To build this in Xcode: create a new macOS Command Line Tool project, add compute.metal to the target, and replace main.swift with the host code above.

What this teaches:

  • kernel void marks a GPU function (equivalent to CUDA's __global__)
  • [[buffer(0)]] binds a parameter to a specific buffer index - the host code's setBuffer(..., index: 0) matches this
  • [[thread_position_in_grid]] gives each thread a unique global ID. No manual index math like CUDA's blockIdx.x * blockDim.x + threadIdx.x
  • device const float* and device float* are address-space-qualified pointers - MSL requires this
  • dispatchThreads handles grid sizing automatically. Metal will dispatch exactly N threads and pad the last threadgroup if needed
  • The result is read directly from bufferC.contents() - no cudaMemcpy back to host.
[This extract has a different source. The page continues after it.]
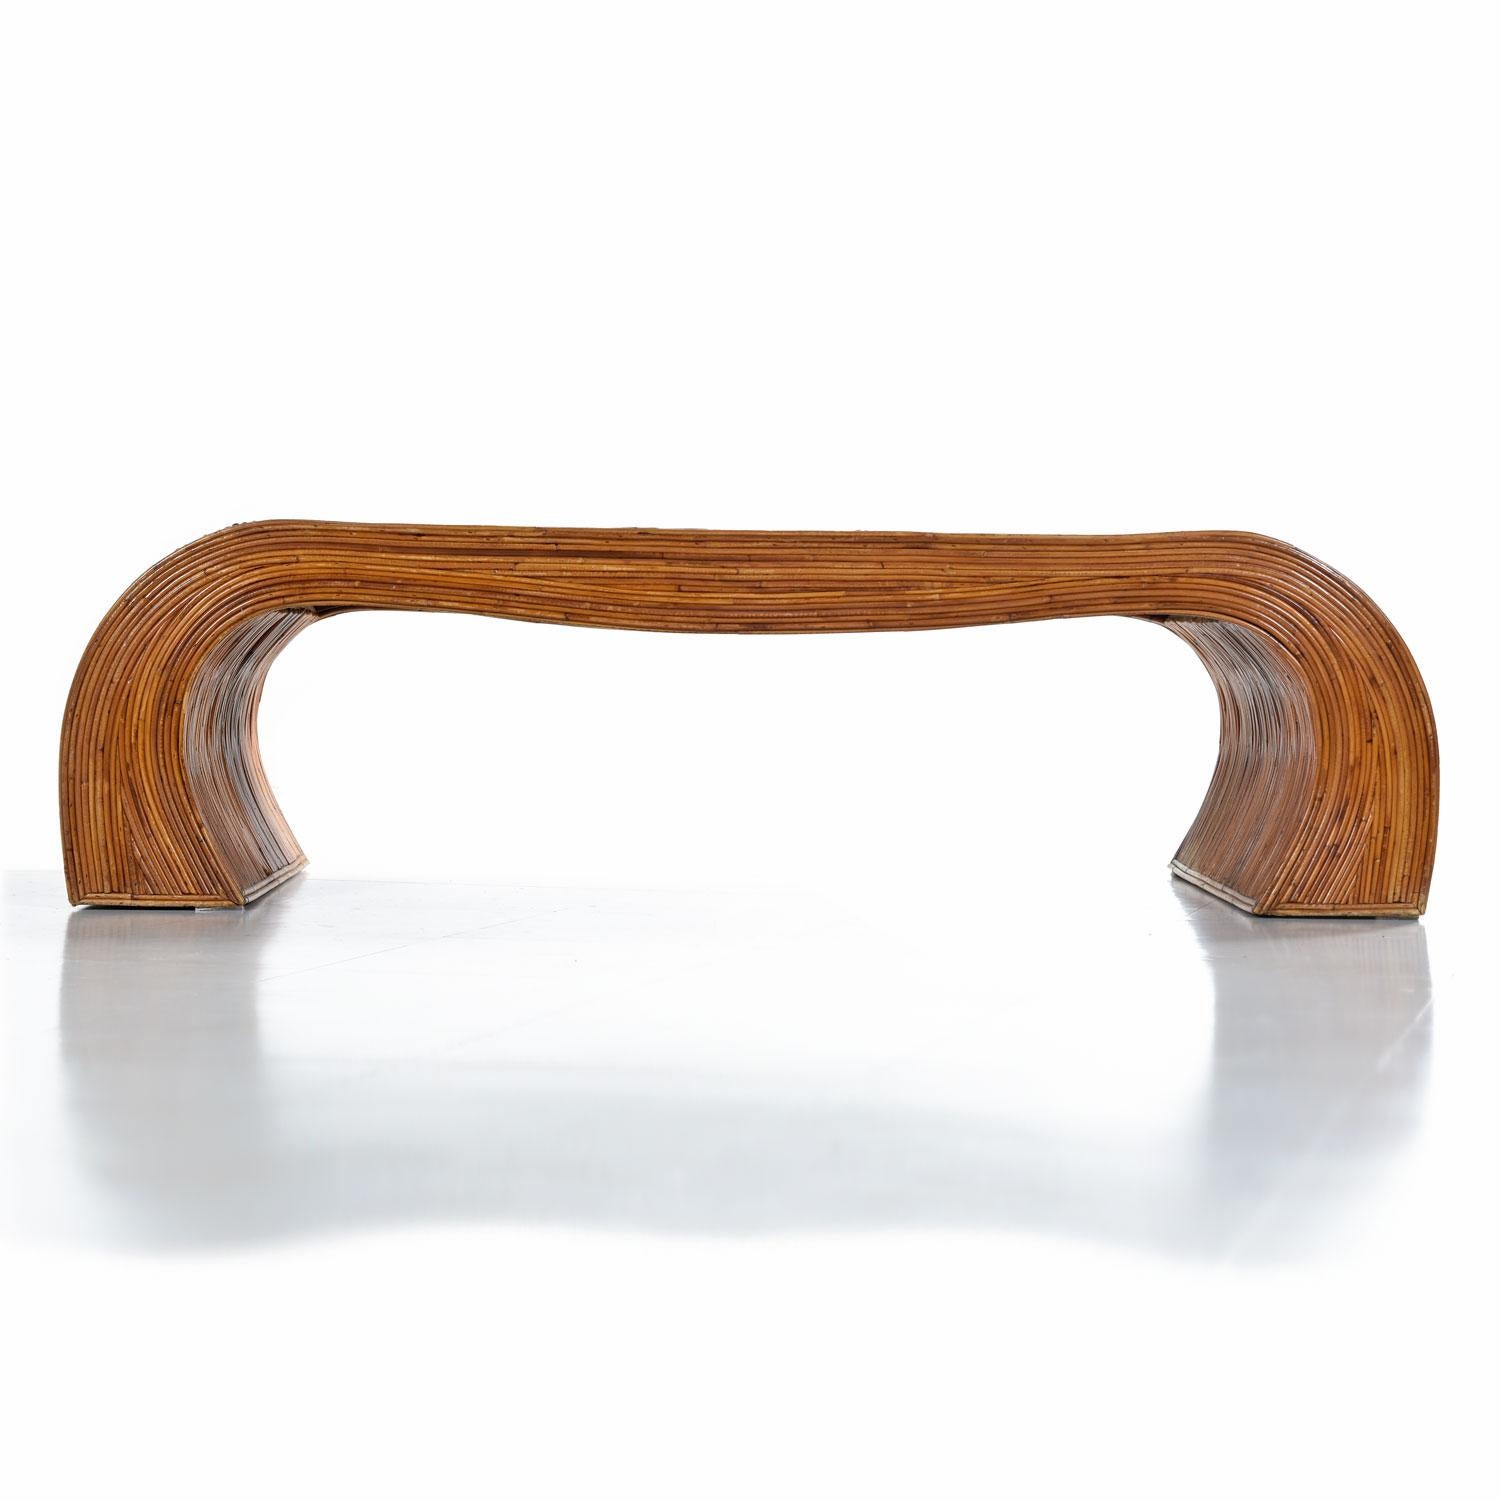 Monumental scale with the warmth of natural materials, this vintage Gabriella Crespi style pencil reed coffee table is the perfect focal point for your home. The earthy pencil reed motif is on trend, blending well with Bohemian, contemporary and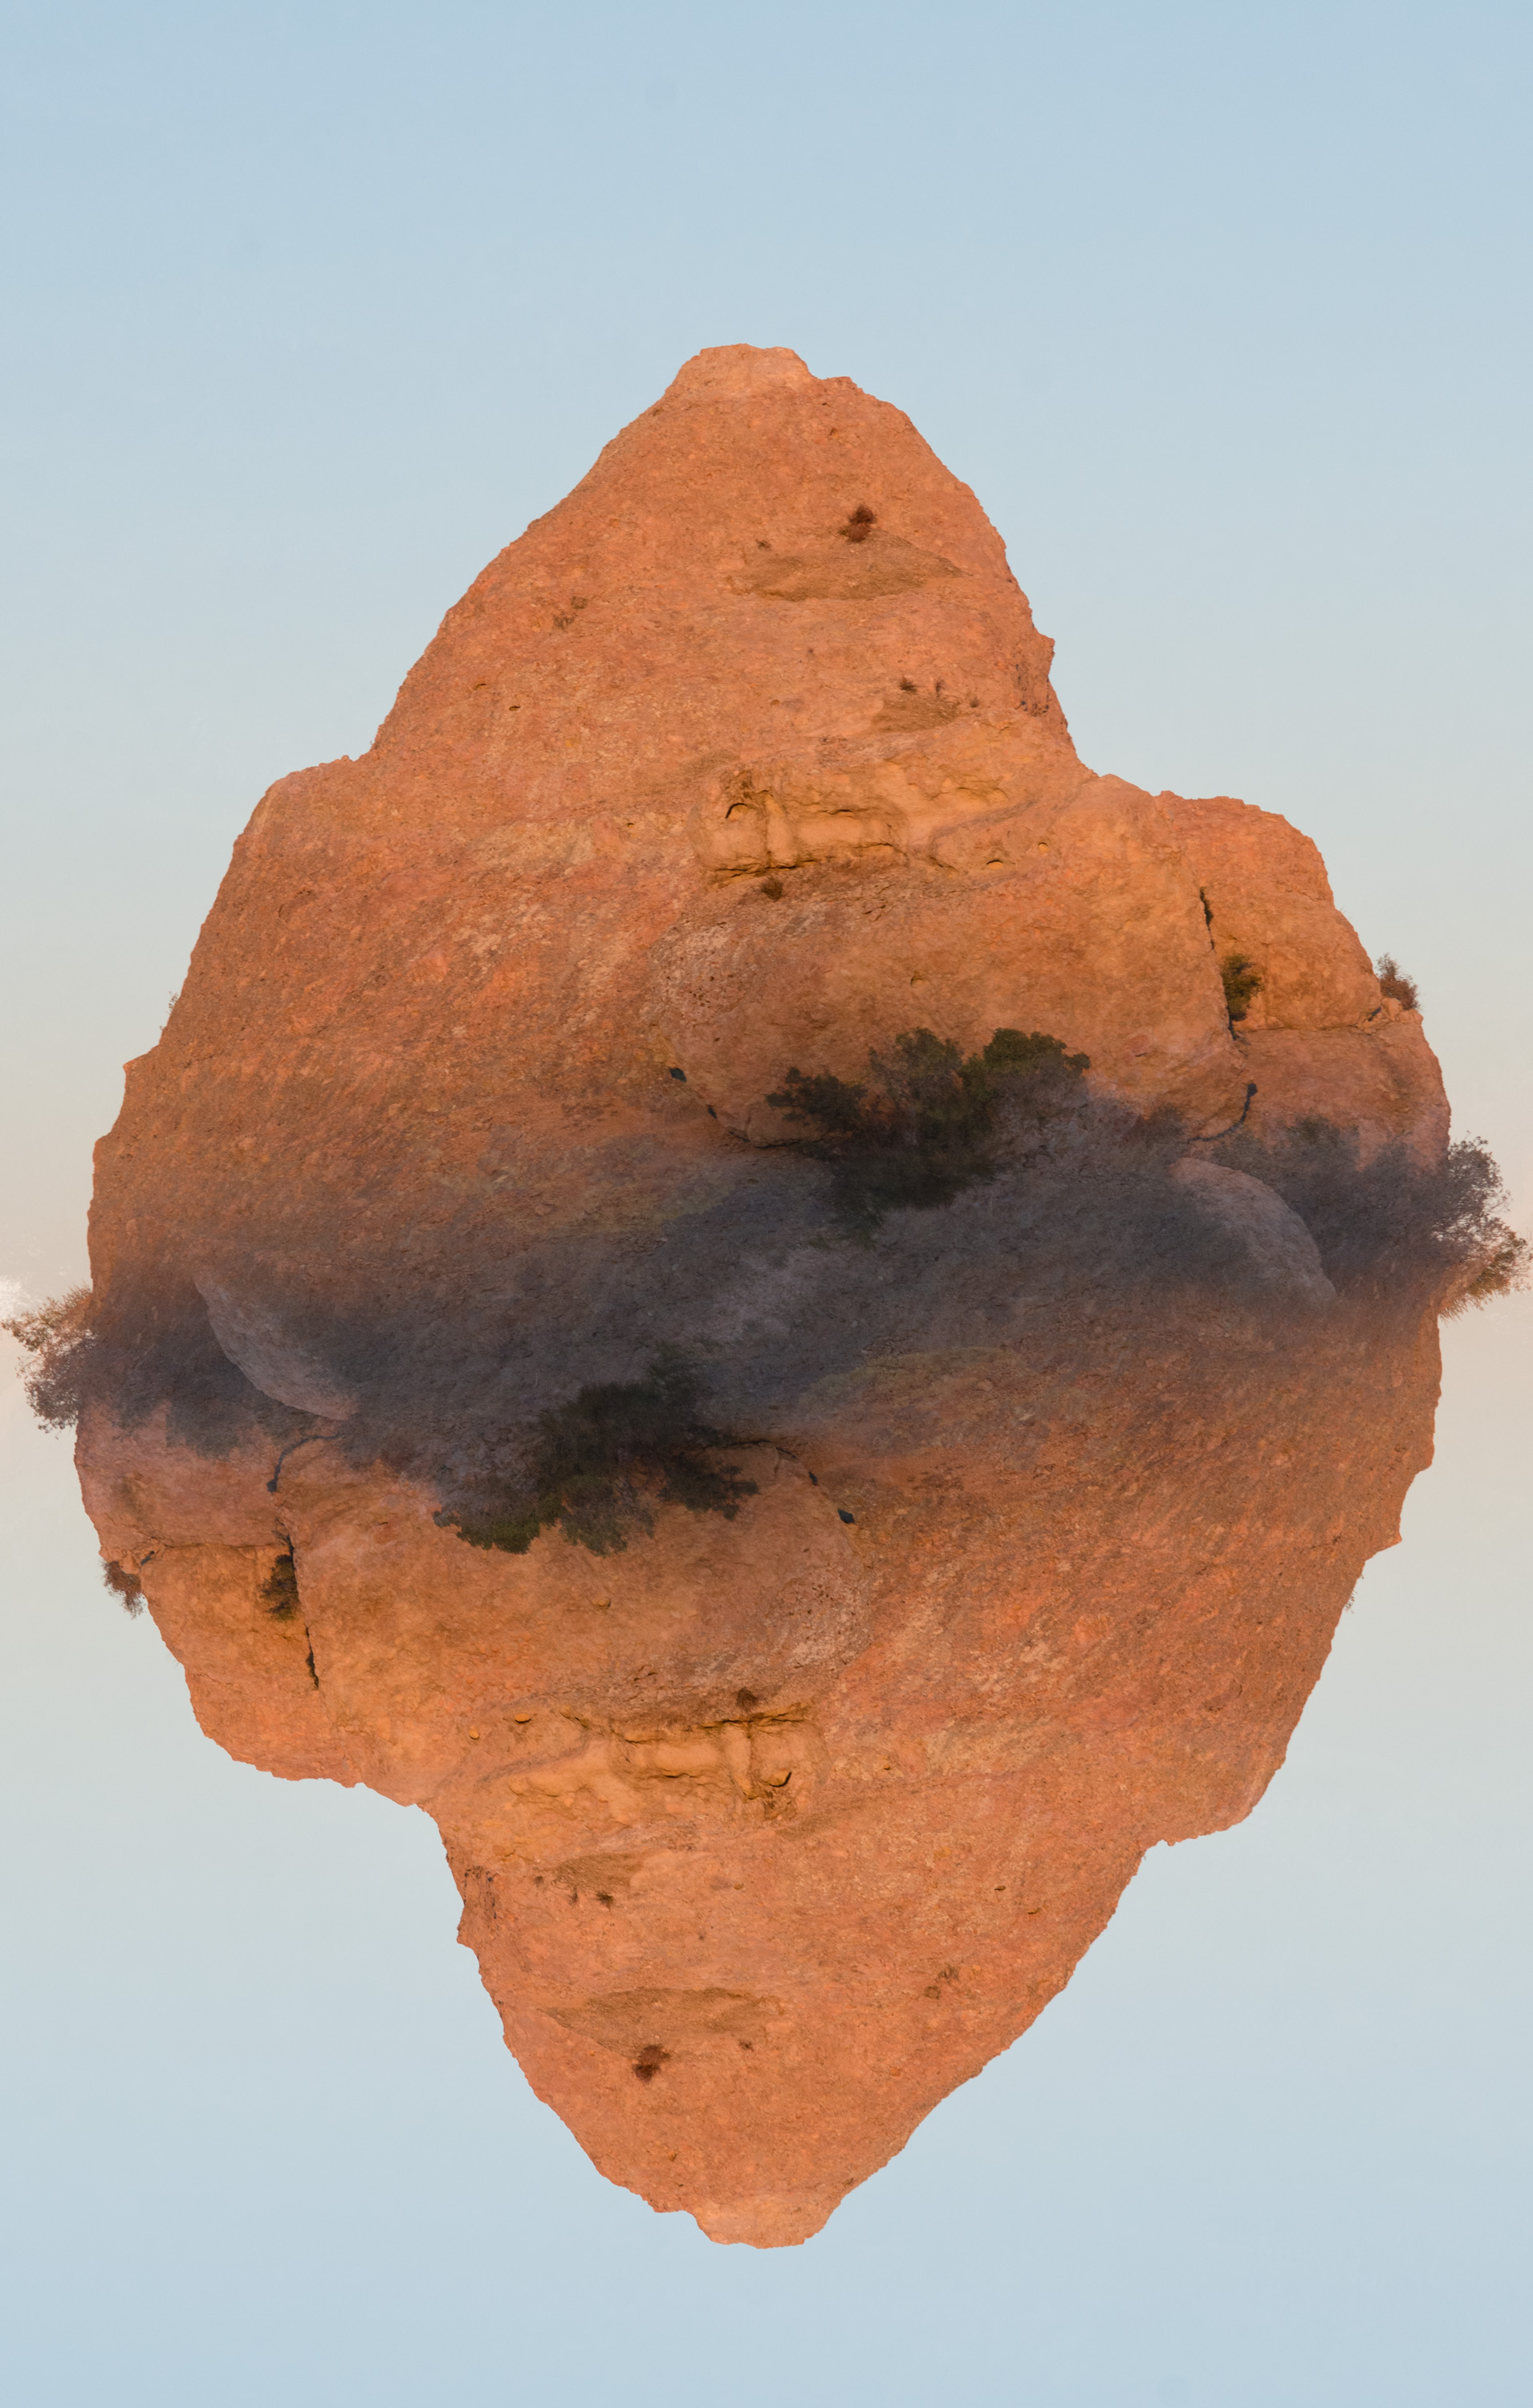   Floating Rock , 2013 Archival Pigment Print 40 x 30 inches

This is unified memory in action.

Compare this to the CUDA vector addition: the kernel logic is nearly identical, but Metal eliminates all six memory management calls (cudaMalloc x3, cudaMemcpy x2, cudaFree x3) in exchange for the more verbose command encoding.

Example 2: Matrix Multiplication (Naive vs Tiled)

Matrix multiplication is where GPUs truly shine, and where threadgroup memory becomes essential. We'll build both a naive version and an optimized tiled version to show the difference.

Naive kernel

#include <metal_stdlib>
using namespace metal;

kernel void matmul_naive(
    device const float* A [[buffer(0)]],
    device const float* B [[buffer(1)]],
    device float*       C [[buffer(2)]],
    constant uint&      N [[buffer(3)]],
    uint2 gid [[thread_position_in_grid]]
) {
    uint row = gid.y;
    uint col = gid.x;
    if (row >= N || col >= N) return;

    float sum = 0.0f;
    for (uint k = 0; k < N; ++k) {
        sum += A[row * N + k] * B[k * N + col];
    }
    C[row * N + col] = sum;
}

The naive version works but wastes memory bandwidth. Each thread loads an entire row of A and column of B from unified memory. For a 1024x1024 multiply, each element of A and B gets loaded 1024 times across different threads.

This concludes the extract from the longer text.